The bad boys of fiction come in all shapes and sizes. Some we love, some we love to hate, but all add that something extra to a story that keeps you turning the pages. Sometimes they’re the hero, sometimes an anti-hero or villain and when they're well developed, they can bring a novel to a whole different level.

Here are a few of my favorite bad boys from fiction.

We’ll start with Anakin Skywalker from Star Wars. Anakin was a slave who was freed, separated from his mother as a child and taken to another world to train to become a Jedi Knight. He later engages in a forbidden romance and secretly marries the love of his life. When he returns home, he learns his mother has been kidnapped by raiders and sets off to locate her. When he finds her, he’s too late to save her. Anakin destroys the village where she was being held hostage, killing every man, woman and child.
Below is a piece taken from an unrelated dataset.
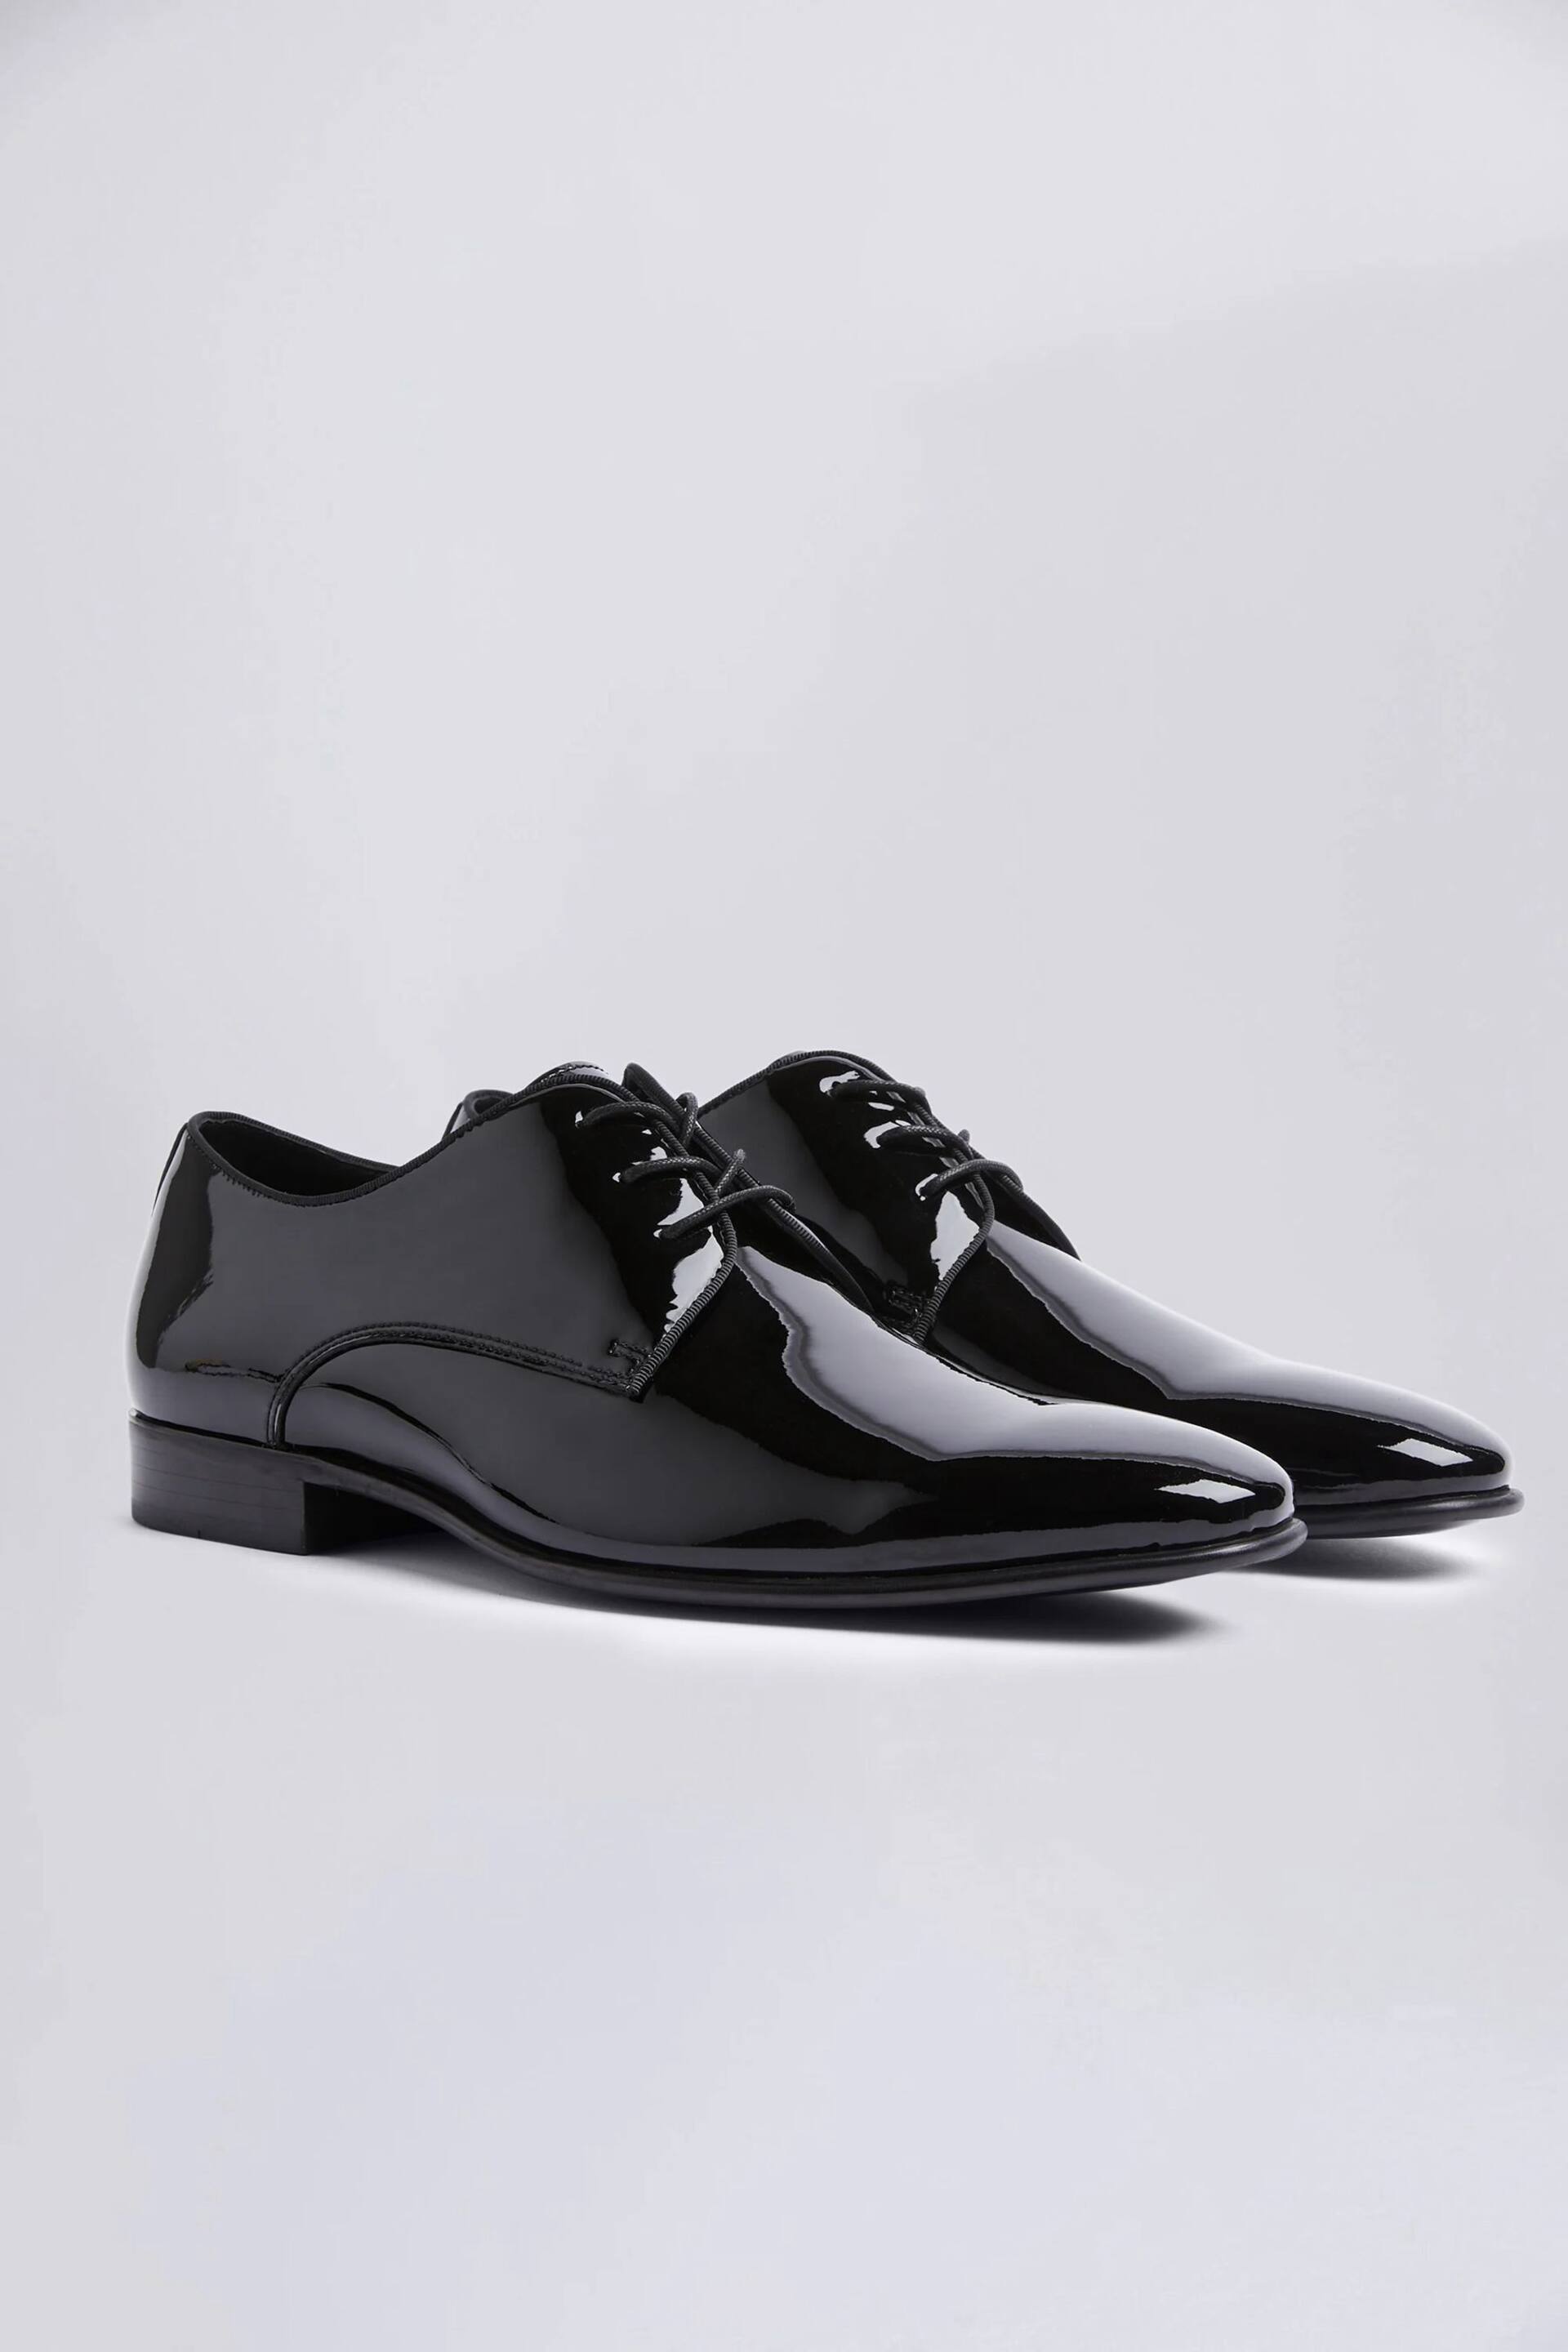 MOSS Ivy Black Patent Dress Shoes - Image 1 of 3

Even after he destroys them, he carries the guilt of his mother’s death instead of any regret for butchering the village and innocents caught in his path. He carries this guilt forward and it plays out later when he learns another he loves, Padme, will die in childbirth. He does everything he can to save her. He gives himself over to the dark powers of the force, turns his back on his friends, betrays the Jedi and murders young children in the Jedi temple. In the end, the power to save her costs him the one thing he couldn’t bear to lose, Padme Amidala. 

Young Hannibal Lecter in Hannibal rising is a classic socio-path the reader should have zero sympathy for. However, the way Thomas Harris writes Hannibal is brilliant and I found myself relating to Hannibal on a deeply emotional level. He’s a villain. He’s evil and yet you can’t help but sympathize with his plight.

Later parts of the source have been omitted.